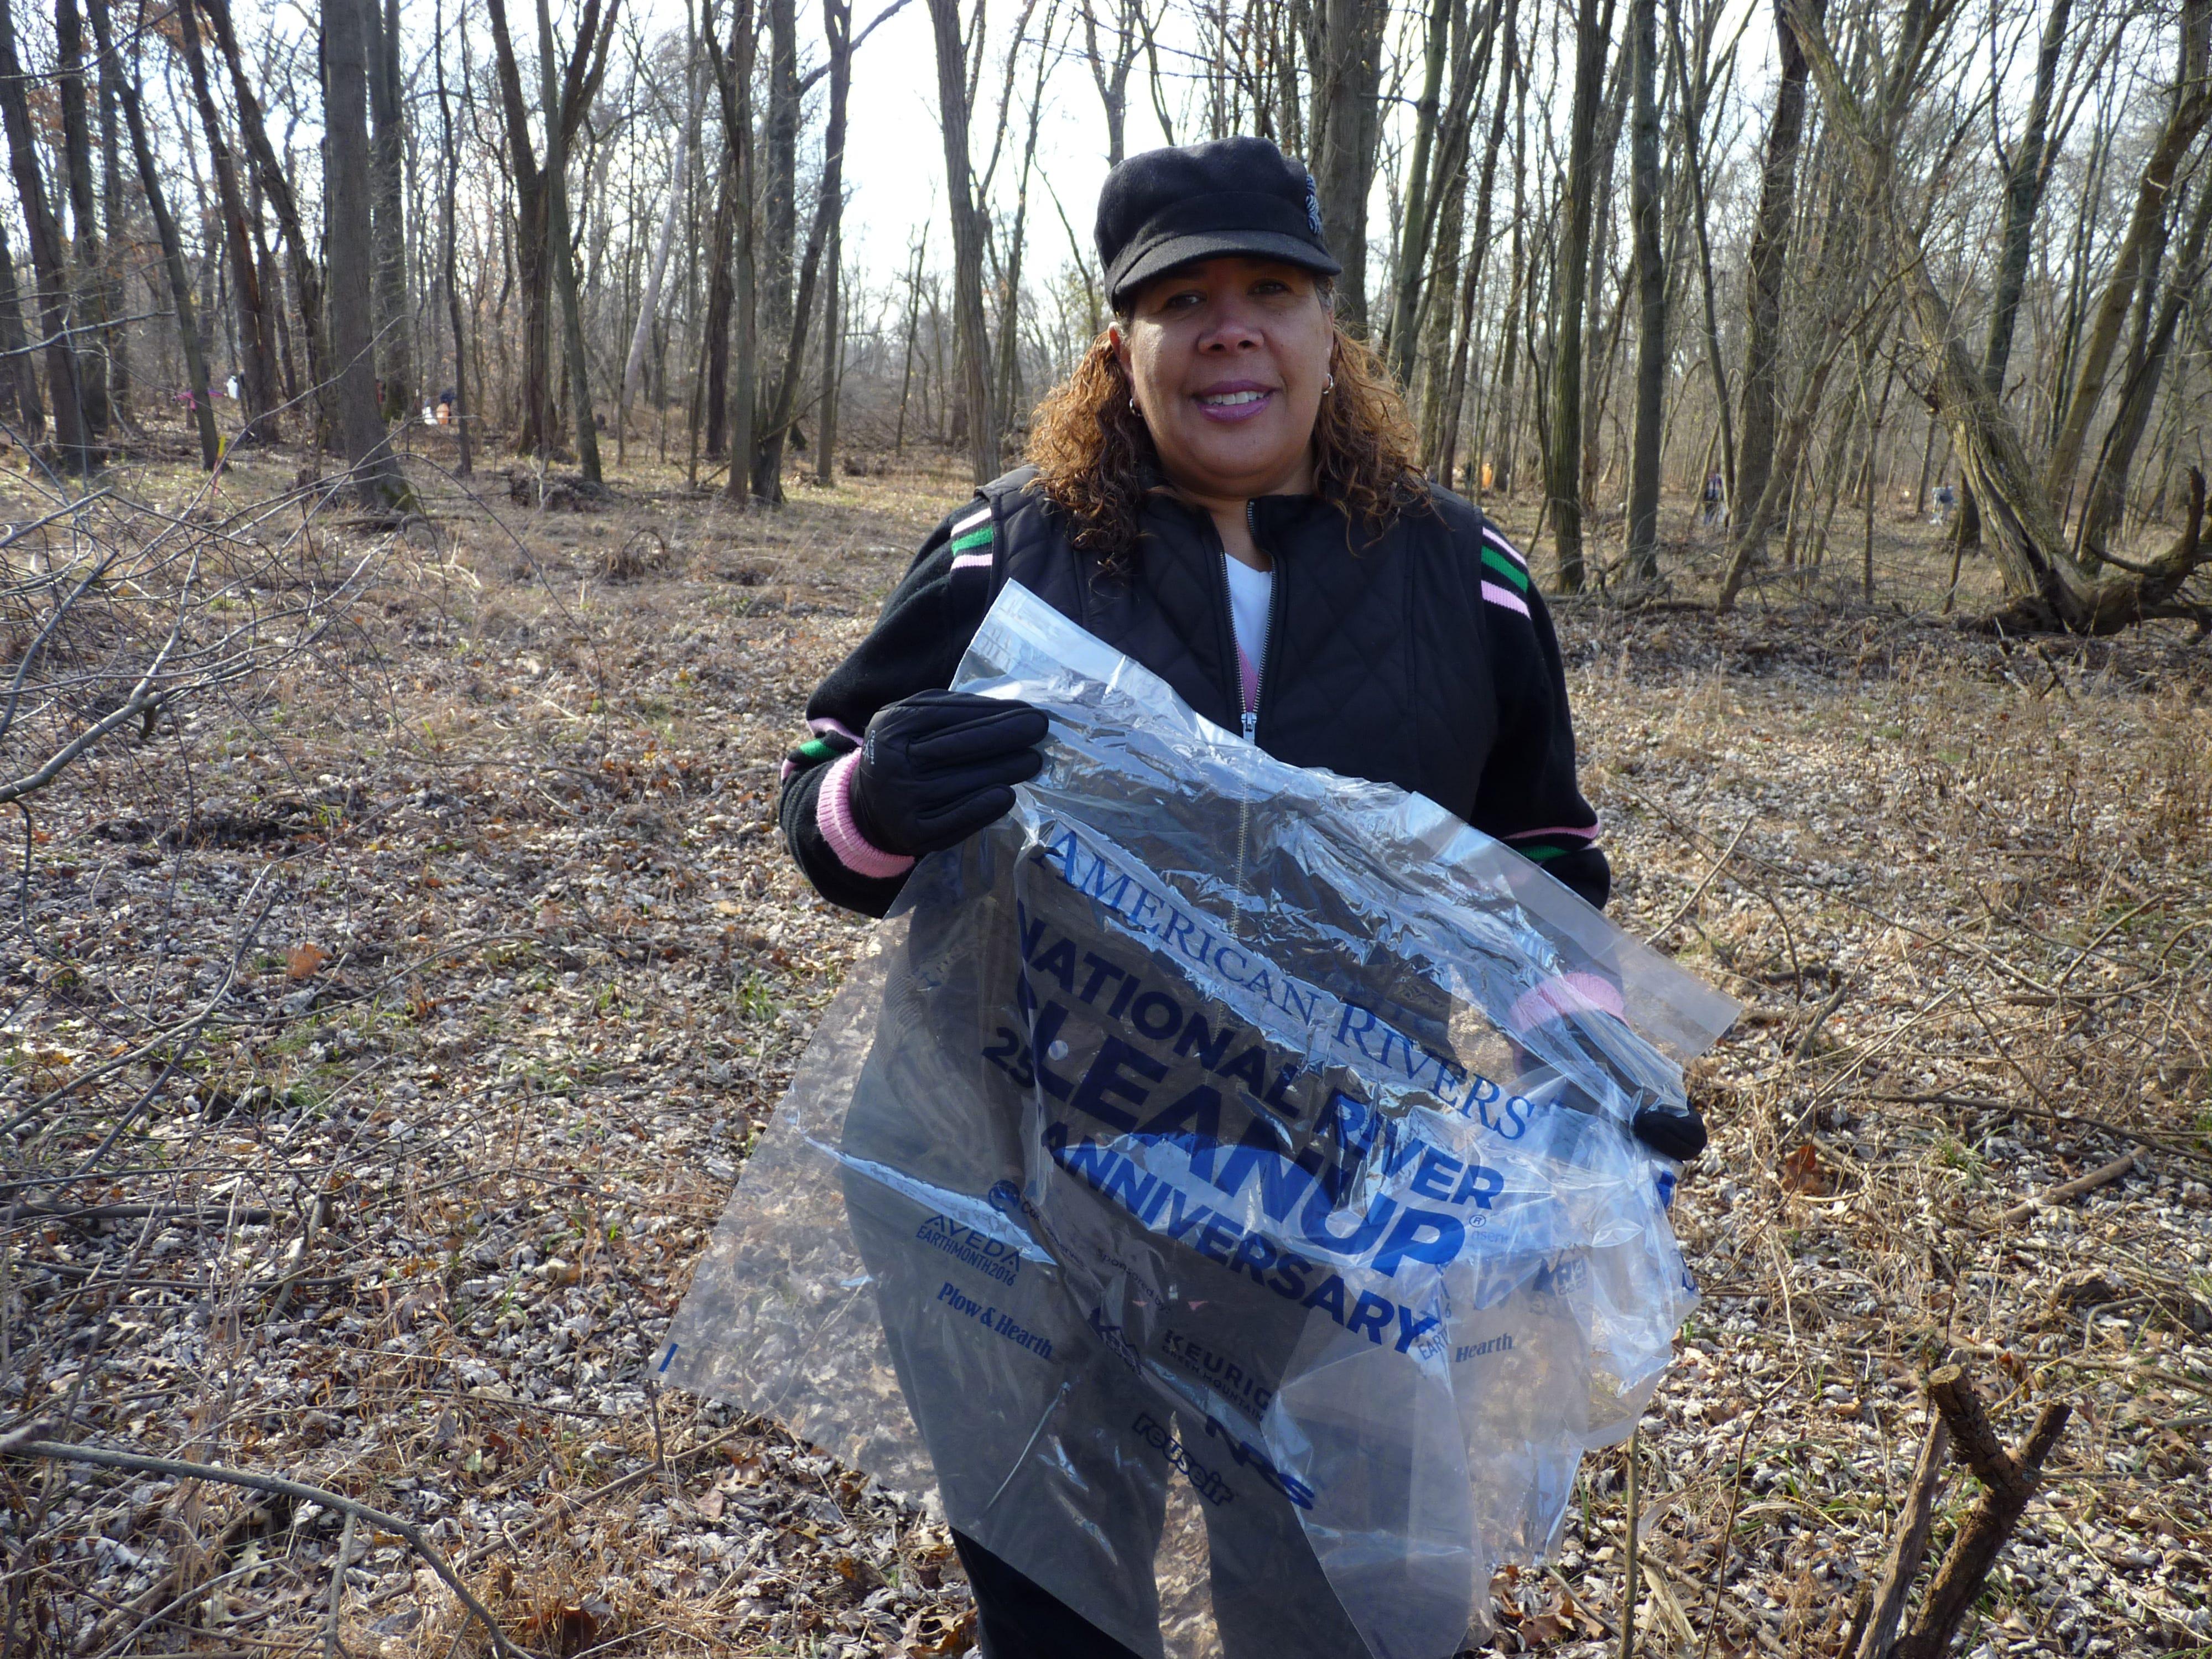 Assemblywoman Linda Carter volunteering at the Green Brook cleanup on Dec. 8, 2018.
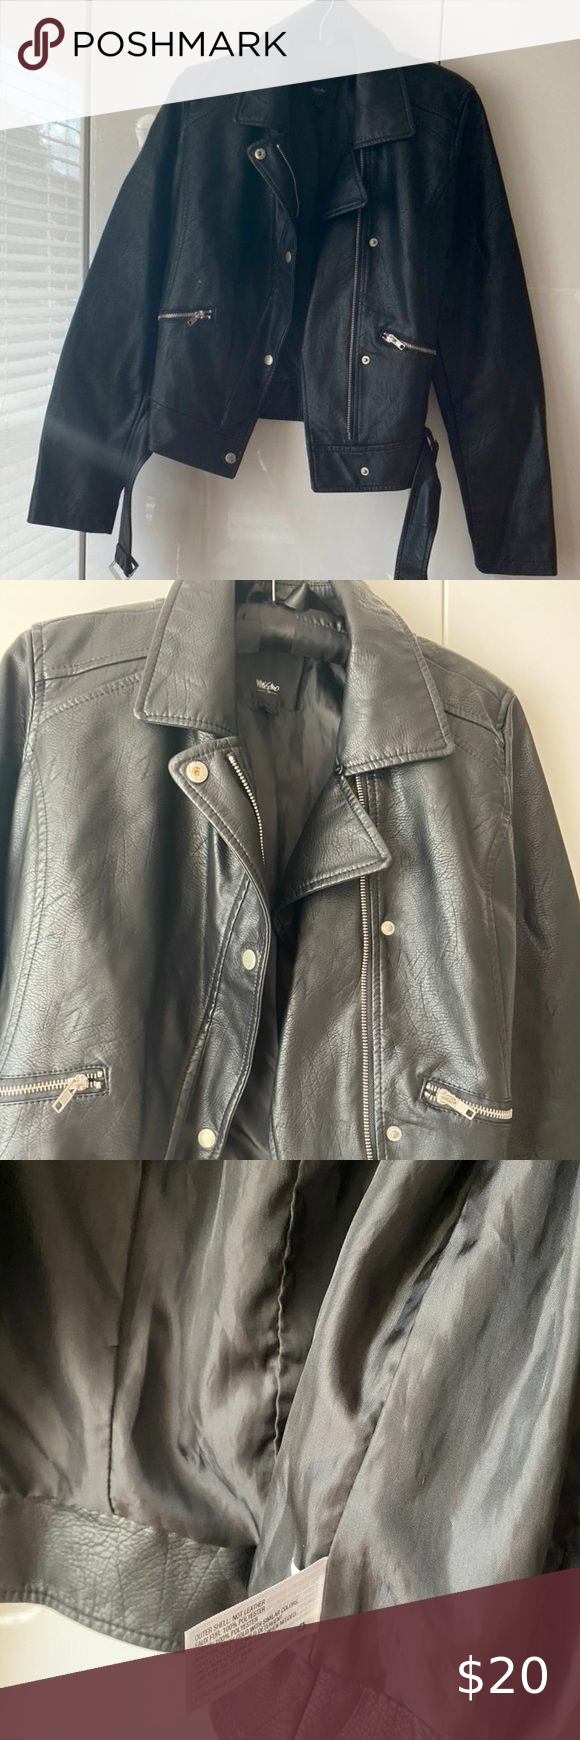 Nwot Black Faux Leather Moto Jacket M Black Faux Leather Moto Jacket Faux Leather Moto Jacket Leather Moto Jacket [ png ]
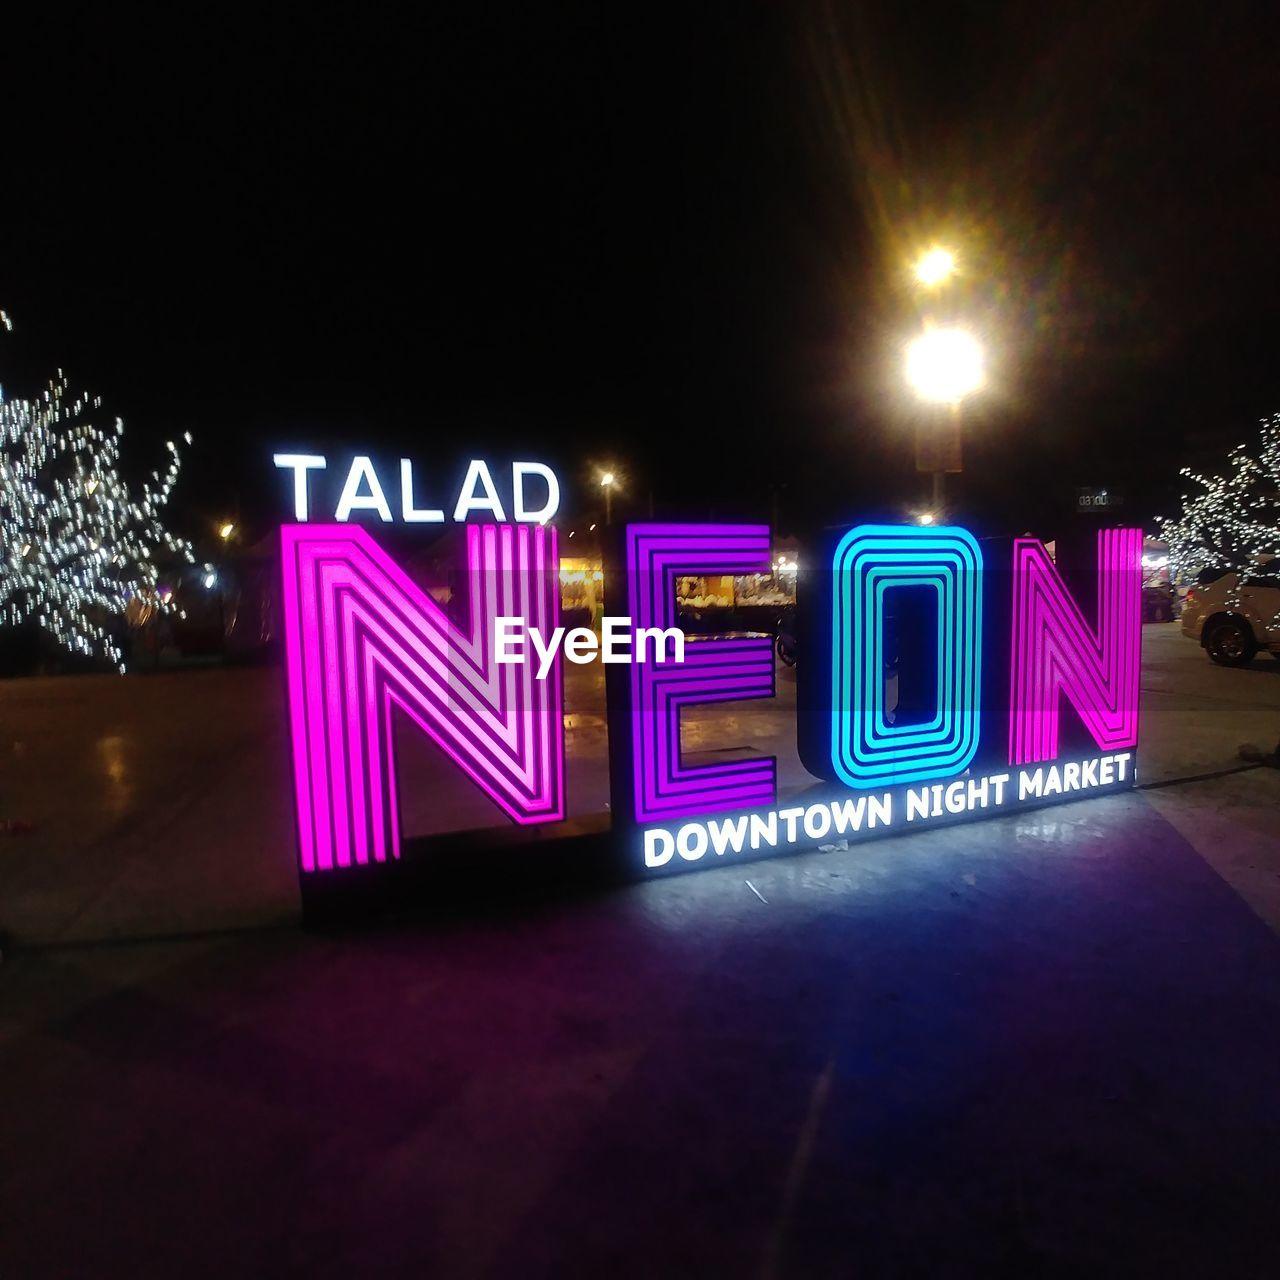 illuminated, night, neon, text, lighting equipment, communication, electricity, no people, outdoors, city
+ + + + +
Only text belongs in the copy: repeat each line of the data exactly and leave out the pictures.

#### [Output]
 Assemblywoman Linda Carter volunteering at the Green Brook cleanup on Dec. 8, 2018.
 Nwot Black Faux Leather Moto Jacket M Black Faux Leather Moto Jacket Faux Leather Moto Jacket Leather Moto Jacket [ png ]
 illuminated, night, neon, text, lighting equipment, communication, electricity, no people, outdoors, city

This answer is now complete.